CHERISH, a Phase 3 study of nusinersen, is a randomized, double-blind, sham-procedure controlled fifteen month study in approximately 117 children who are non-ambulatory with SMA between the ages of 2 to 12. The study will evaluate the efficacy and safety of 12 mg doses of nusinersen with a primary endpoint of a change in the Hammersmith Functional Motor Scale-Expanded (HFMSE), a validated method to measure changes in muscle function in patients with SMA. Additional efficacy endpoints are also included in the study. For further study information, please visit and search for nusinersen or the identifier number NCT02193074 or visit the nusinersen study site at

SMA is a severe genetic disease that affects approximately 30,000 to 35,000 patients in the United States, Europe and Japan. There are no approved treatments for SMA. The disease is caused by a loss of, or defect in, the survival motor neuron 1 (SMN1) gene, leading to a decrease in the survival motor neuron (SMN) protein. SMN is critical to the health and survival of nerve cells in the spinal cord that are responsible for neuromuscular growth and function.
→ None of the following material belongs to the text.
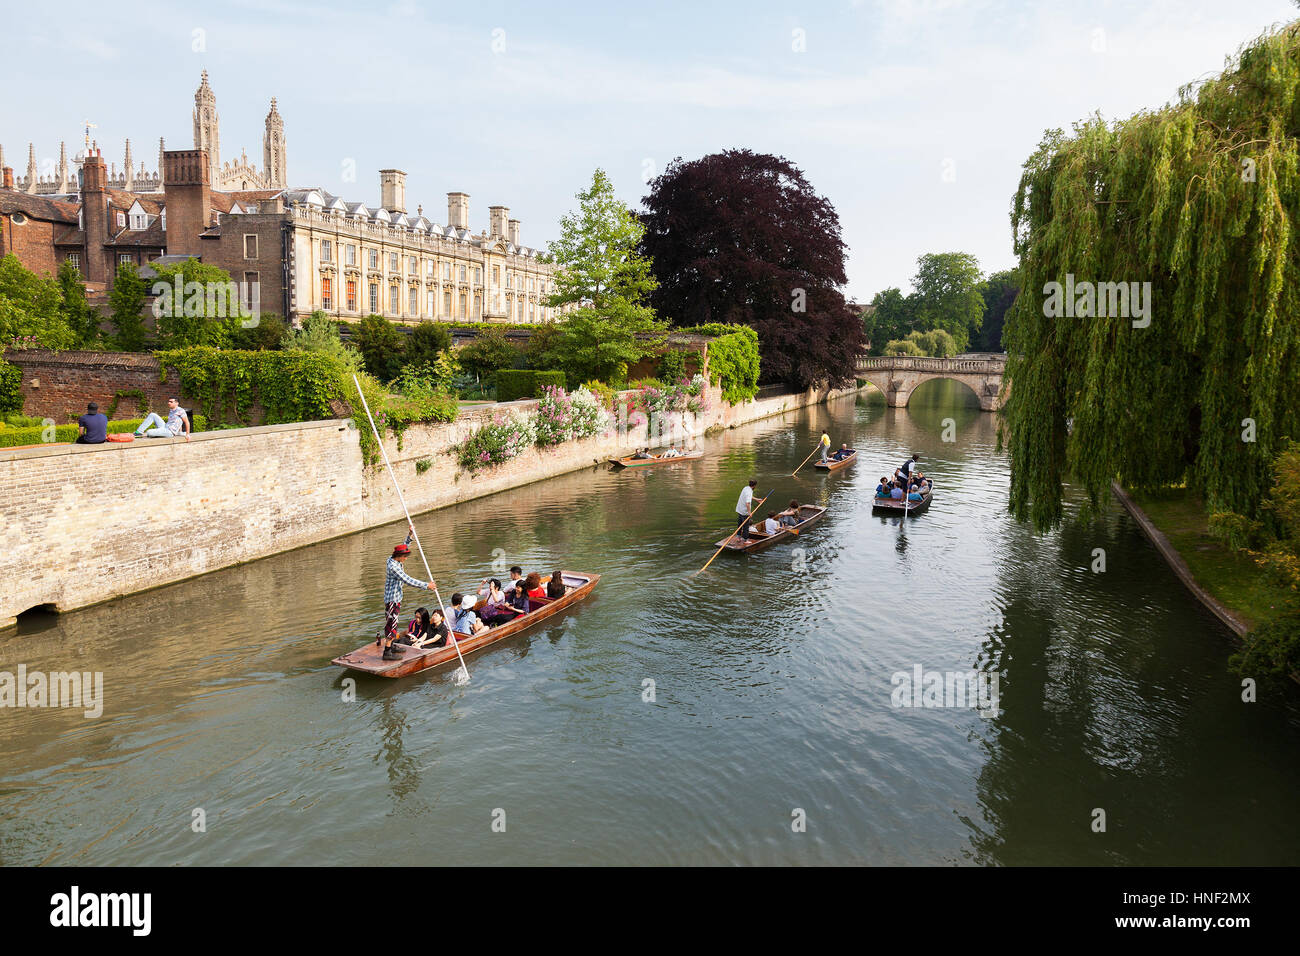 CAMBRIDGE, UK - 12 juin 2015 : Les gens de plates sur la rivière Cam avec Clare College et Clare Bridge en arrière-plan Banque D'Images

One in 50 people, the equivalent of about six million people in the United States, are carriers of a defective SMN1 gene, which is unable to produce fully functional SMN protein. Carriers experience no symptoms and do not develop the disease. However, when both parents are carriers, there is a one in four chance that their child will have SMA.
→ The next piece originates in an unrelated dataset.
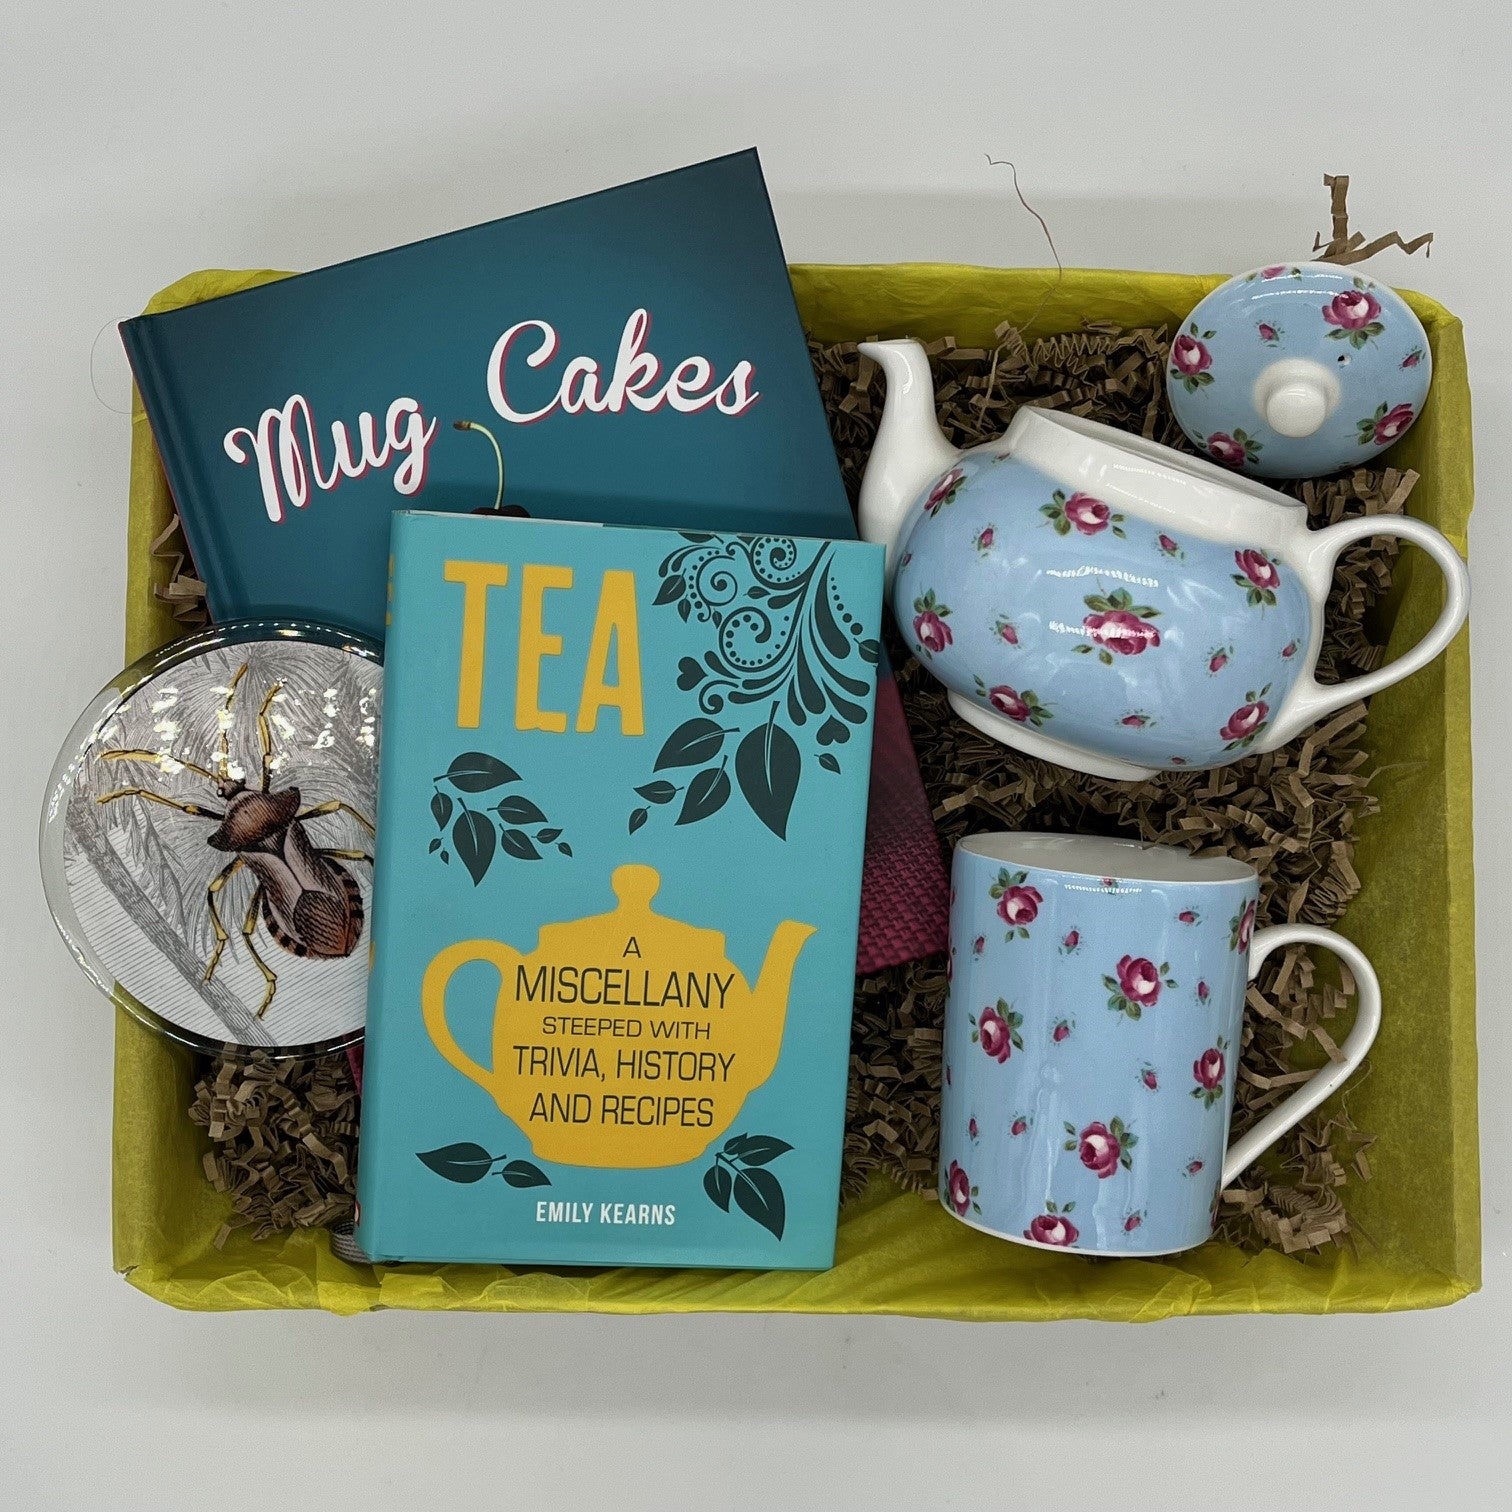 'Tea & Cake' (as new accessory box!)

Natural history studies have been conducted in patients with SMA. Type I is the most severe form of SMA and most infants with Type I SMA die in infancy. In a 2009 paper by Rudnik-Schoneborni, the median age for event-free survival in infants with Type I SMA was 6.1 months. In a contemporaneous study published in 2014 by the Pediatric Neuromuscular Clinical Research group (PNCR)ii, the median age for event-free survival in infants with two copies of SMN2 was 10.5 months. The severity of SMA correlates with the amount of SMN protein. Infants with Type I SMA produce very little SMN protein and have a life expectancy of less than two years. Children with Type II have greater amounts of SMN protein but still have a shortened lifespan and are never able to walk. Children with Type III have a normal lifespan but accumulate life-long physical disabilities as they grow.